Best way to read a file line-by-line in C using mmap?

1.2k Views Asked by At

The following code shows how to read part of a file using the mmap command:

       addr = mmap(NULL, length + offset - pa_offset, PROT_READ,
                   MAP_PRIVATE, fd, pa_offset);
       if (addr == MAP_FAILED)
           handle_error("mmap");

       s = write(STDOUT_FILENO, addr + offset - pa_offset, length);
       if (s != length) {
           if (s == -1)
               handle_error("write");

If addr is a char*, how would I split the result into lines? Or is there a better way to read lines from a text file using mmap?

1

There are 1 best solutions below

0
On

It's unclear why you want to mmap the file in the first place. I suppose it is for performance, but unless you have determined through performance testing that your program does not run fast enough and that I/O on the file in question is a significant bottleneck for it, then such a step would be jumping the gun.

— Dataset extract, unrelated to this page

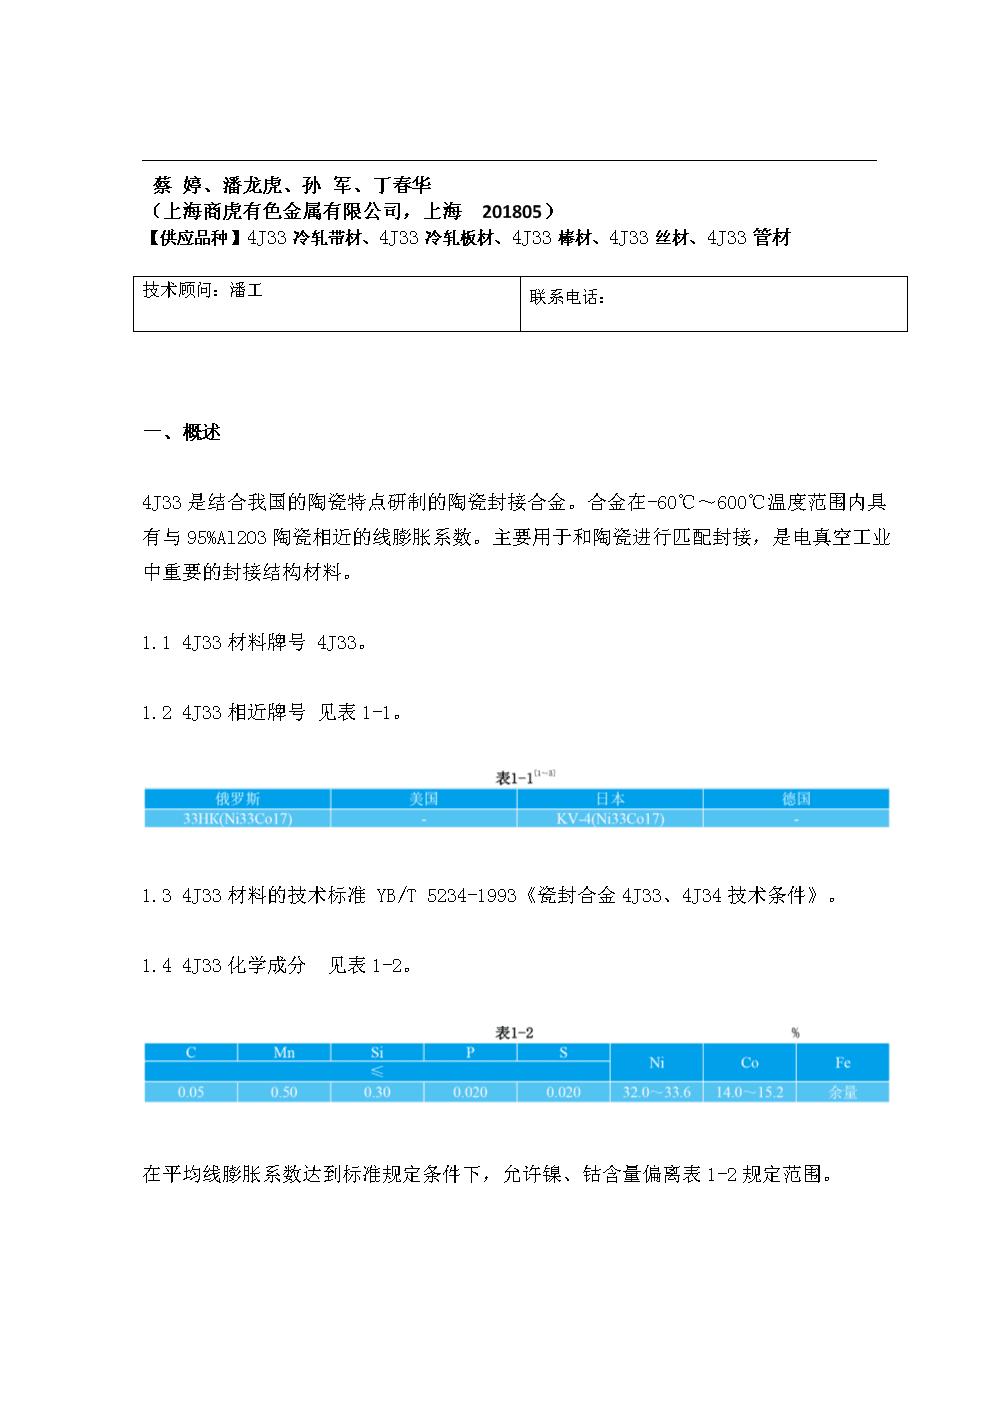 4J33封接结构材料-上海商虎合金技术.doc

Nevertheless, if you are determined to mmap the file, and you must also perform some form of line-by-line processing on it, then your alternatives for identifying line breaks are:

  1. examine the bytes to see which ones are line terminators.

Details depend on exactly what you want to do. You can be more efficient if you can test for newlines as you scan the data, but if necessary, then you can scan ahead of the current processing position to find the next line terminator, so as to know ahead of time where it is. You can write that as a simple loop, or you might find it convenient to use the memchr() function.

Do bear in mind, too, that you probably don't want to modify the data (and can't if you map it with PROT_READ, as you do), so you cannot expect to replace line terminators with string terminators unless you copy the data to a separate buffer. Also, the last line may or may not have a terminator. You will therefore need to exercise caution with the standard string functions.